Thursday, December 29, 2005

5 Minutes with Monad

I've recently spent a bit of time trying to solve some problems using Microsoft's new Monad shell. It's interesting that the creature for the O'Reilly book is the common toad. It was a different experience, although the pain is eased a little as the default installation comes with all the new commands (cmdlets) mapped to Unix ones (like ls and ps).

The default security setting prevents remotely signed objects from being executed and there seems to be no way to turn it on. The documentation is missing. To make it usable it's:
set-property
`HKLM:\SOFTWARE\Microsoft\Msh\Microsoft.Management.Automation.msh`
-property ExecutionPolicy -value RemoteSigned

Going through the tutorials it did show itself to be kind of cool. For example, being able to select the top 10 processes based on VirtualMemorySize:
get-process | sort-object VirtualMemorySize | select-object -last 10
You can whack on a "convert-HTML" or an "export-csv" to produce the result in a format you want or connect to Excel or SQL Server to retrieve data. A lot has been made of its native XML support and how it passes around strongly typed objects rather than just Unix's streams.
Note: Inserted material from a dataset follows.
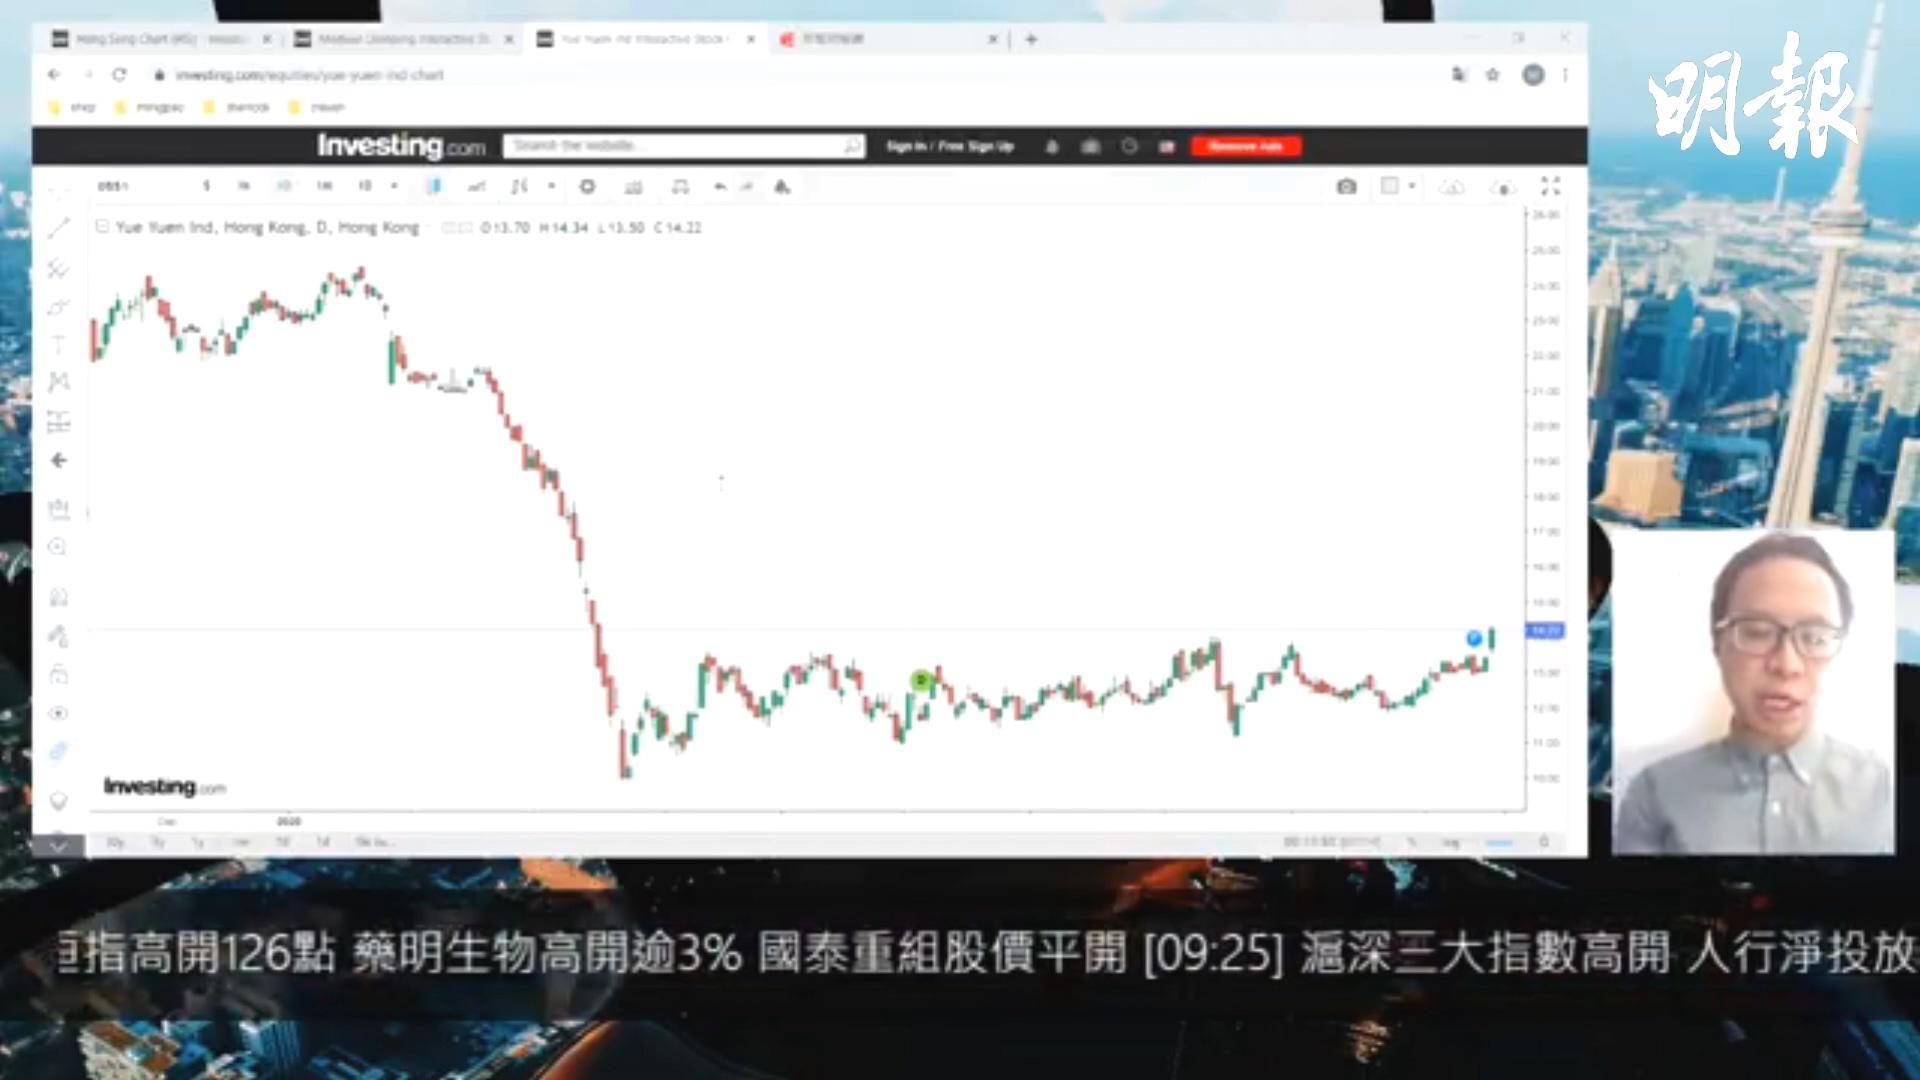 【有片:選股王】內地出口表現理想 裕元升破半年橫行區

One of the problems was trying to do line by line processing. There was promises of pipelining via XML streams but according to "Replace lines in a text file?" (the first hit on Google) Monad doesn't support it. The lack of streaming appears to be a crucial omission in a toolset designed for system administrators - although it might not be fatal as log files and the like don't usually come close to the available memory of modern systems.

It does support accessing the .NET APIs which provides a loophole. For example, to read a file line by line and replace "xxx" with "yyy":
$f = [System.IO.File]::OpenText("c:\file.txt")
while($line = $f.ReadLine())
{
$line -replace "xxx","yyy"
}

It was all for nothing, as I later found out that it didn't support Windows 2000 and it needed to be deployed on that - it is supported by Windows XP, 2003 and Vista. Back to Windows Script Host (maybe using Ruby) I guess.

5 comments:

Paula said...

It makes sense that it doesn't do line-by-line text processing. After all, you commented on how so much has been said on its strongly typed objects.

To wrap the output of a process in an object then you really need to have all that output (or else there will be a lot of info you won't have, or can't validate). It seems to be a contradictory requirement to stream processing (read: line by line processing). I notice that your fix drops the object paradigm for managing the data.

It probably bothered the developers at MS, but there are tradeoffs with these decisions.

Andrew said...

I don't see anything contradictory about strongly typed and streaming - you simply have to be able to define a meaningful chunk of an object.

With XML it's documents, elements, etc - a good example of a streaming, strongly typed parser is XMLBeans.

With plain text files it's lines. CSV files you could do on a terminator and on a line basis. SQL it could be tables, rows, tuples, etc.

Paula said...

In this case you're getting a list of objects. Sure, the list is an object, but it's not really strongly typed, as you don't know what kind of objects it contains. You also have to do many of your operations on each element in the list, rather than on the entire list object.

Adam Barr said...

You can indeed process a line at a time. For example in the post you linked to, Bruce Payette showed how to read a file and replace text:

$data = (get-content file.htm) -replace "href","HREF"; $data >
file.htm

More generally, the get-content cmdlet puts each line of the file into the pipeline as a string, so you can do:

get-content foo.txt | where-object { $_ -like "ABC*" } { "Line starting with ABC" }

etc.

- adam

Andrew said...

The problem with the example given is mentioned in that same post too: "This example loads the entire script into memory at once so you probably
don't want to use it process huge scripts."

Or from the Monad Documentation: "The typical way to do file I/O is with the Get-Content and Set-Content Cmdlets. These deal with the entire contents of a file in a single operation."